Step Four

Diligently Working Step Four

In a recent Sexaholics Anonymous meeting that I was leading, I chose the topic of Step Four: ”Made a searching and fearless moral inventory of ourselves.” I wanted to encourage others in my SA group to work this Step diligently.

Step Four was a lot of work for me when I first started working it, using the instructions in the Alcoholics Anonymous “Big Book” instructions for Step Four. Working Step Four, I was to complete a series of lists and observations about myself, and the lists were quite hard to face.  But I needed to face myself and ask myself questions such as: “Who have I resented, feared, or harmed?  How did that affect me?  What did I do to them?” This important for me to complete, because these things were the core of why I acted out sexually.  The observations and prayers in Step Four are important, because in really looking at myself and praying, I was able to do the the hard work that helped me face most of my past.

Finding Emotional Sobriety Through Working the Steps in Sexaholics Anonymous

It took me about a year to complete Step Four the first time, and I don’t recommend that to anyone. I would do some work on Step Four, and then set it aside for a few weeks before I could face it again.  I avoided the work because I didn’t want to face my lifelong conflicts with my father, my brothers, friends, bosses, and more.  I had spent decades not looking at those conflicts, and I really did not want to to start looking at them. But my Sexaholics Anonymous sponsor and other fellow SA members told me that Step Four would change me, and that it would heal these conflicts.

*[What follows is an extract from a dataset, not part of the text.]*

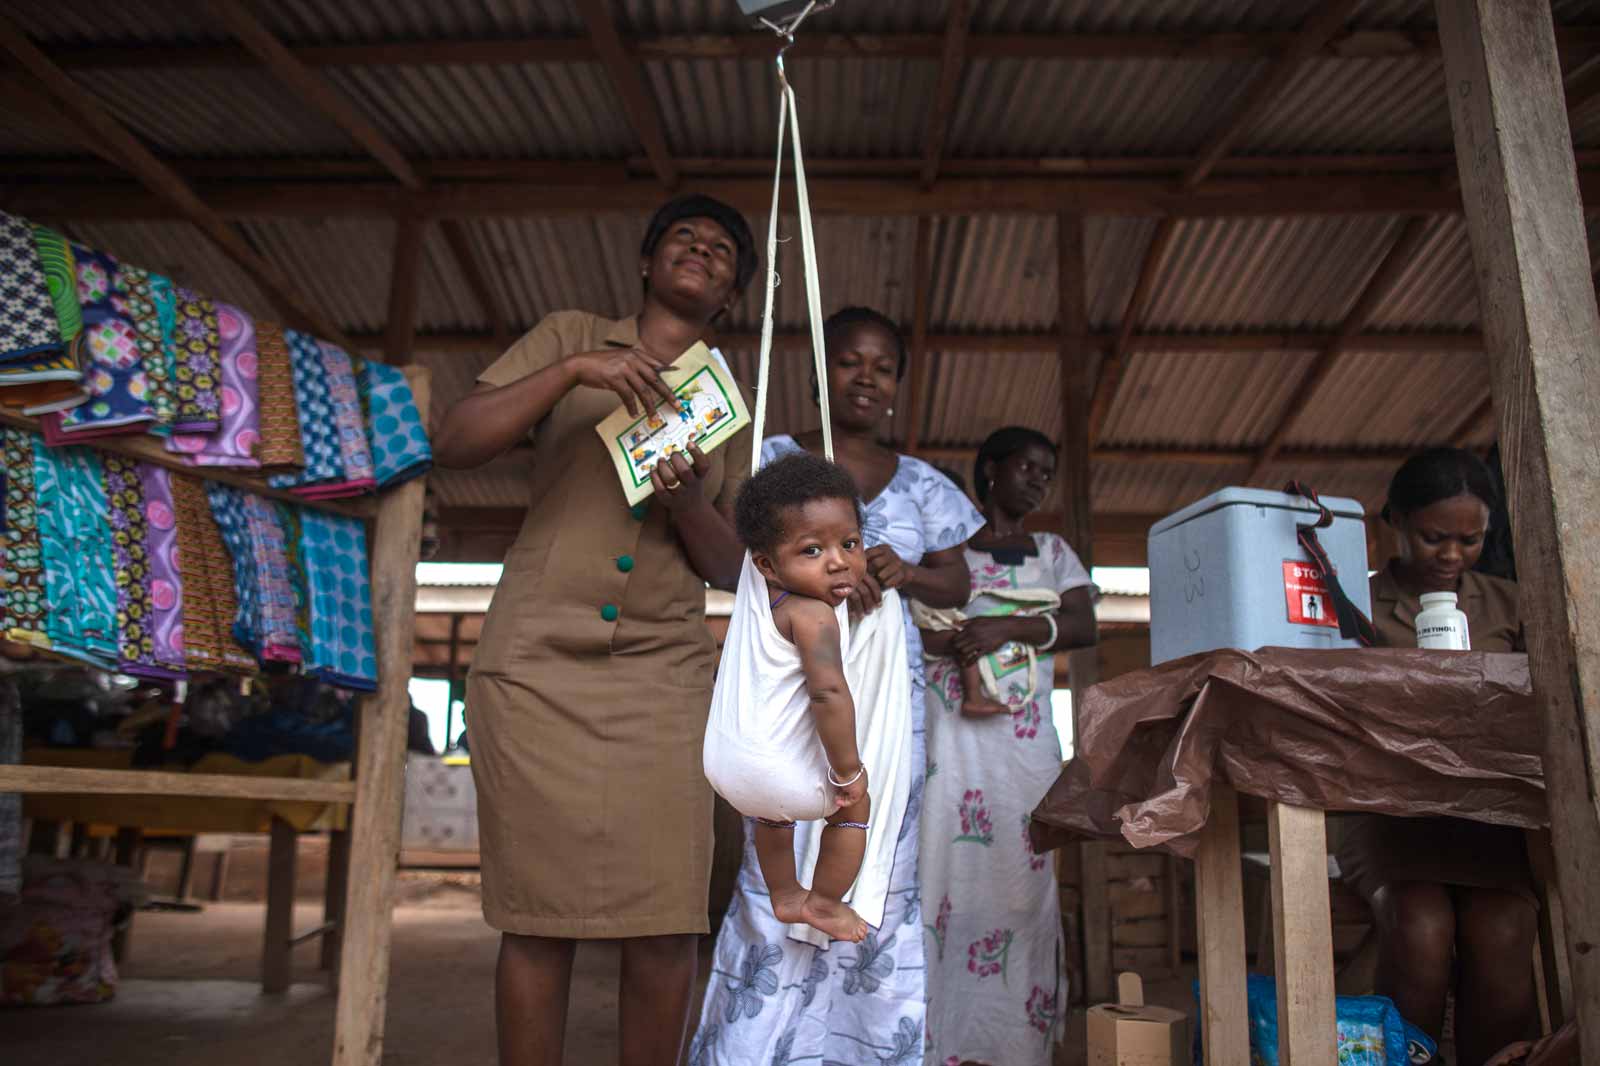   Au dispensaire installé sur un étal vide de marché, l’agent de santé communautaire Mavis Adjetey pèse les bébés avant d’administrer les vaccins. En 2012, le Ghana est devenu le premier pays d’Afrique à introduire simultanément des vaccins contre la pneumococcie et le rotavirus, ciblant ainsi les premières causes de mortalité dans le monde : la pneumonie et la diarrhée.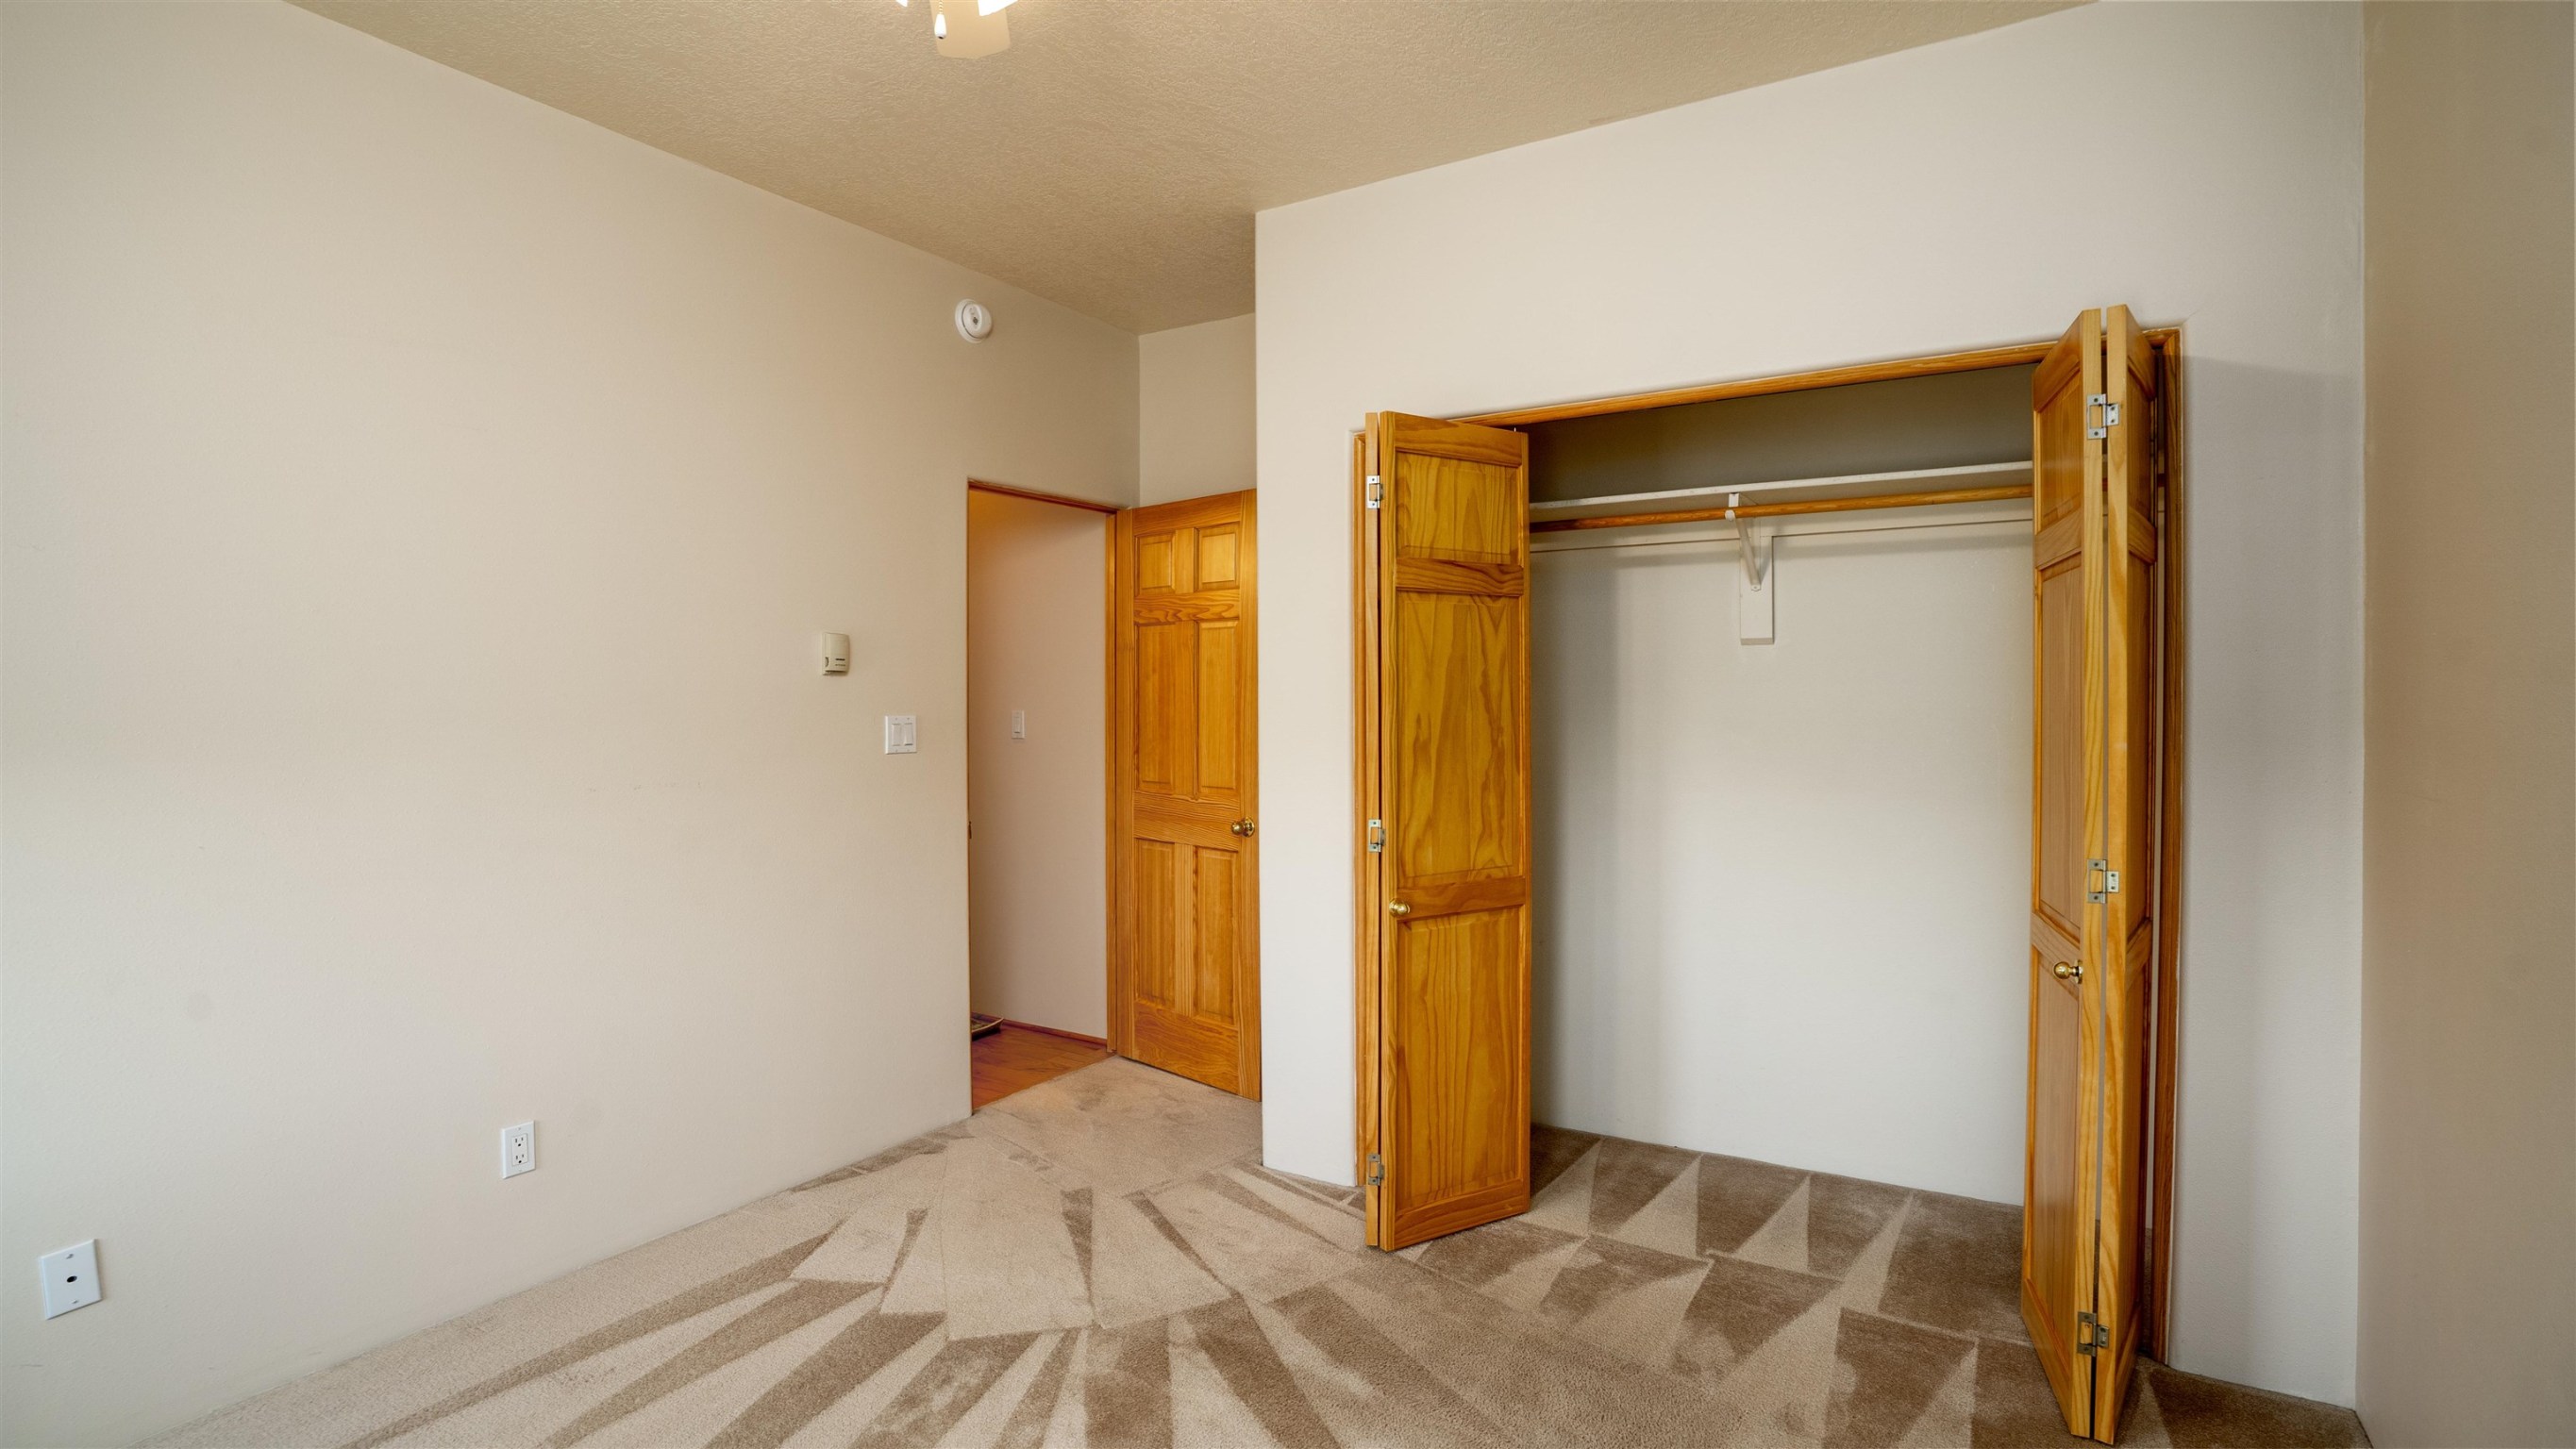 3044 PUEBLO GRANDE, Santa Fe, New Mexico 87507, 3 Bedrooms Bedrooms, ,2 BathroomsBathrooms,Residential,For Sale,3044 PUEBLO GRANDE,202201387

That was a huge promise, but it was that promise that moved me forward.  I knew that avoiding my problems for decades had only created holes in my soul that were not healing, and those holes led me to feeling inadequate, unworthy, alone, and afraid.  I know that my first brush through the Steps on my own had helped a bit, but at the time I was still eaten up inside by these things.  I wanted to be better.  I wanted the “emotional sobriety” that is mentioned in the SA “White Book” (p. 88) and that I saw in the eyes of oldtimers.  And so that was enough to get me working on my Step Four again. And the result was indeed everything they had promised.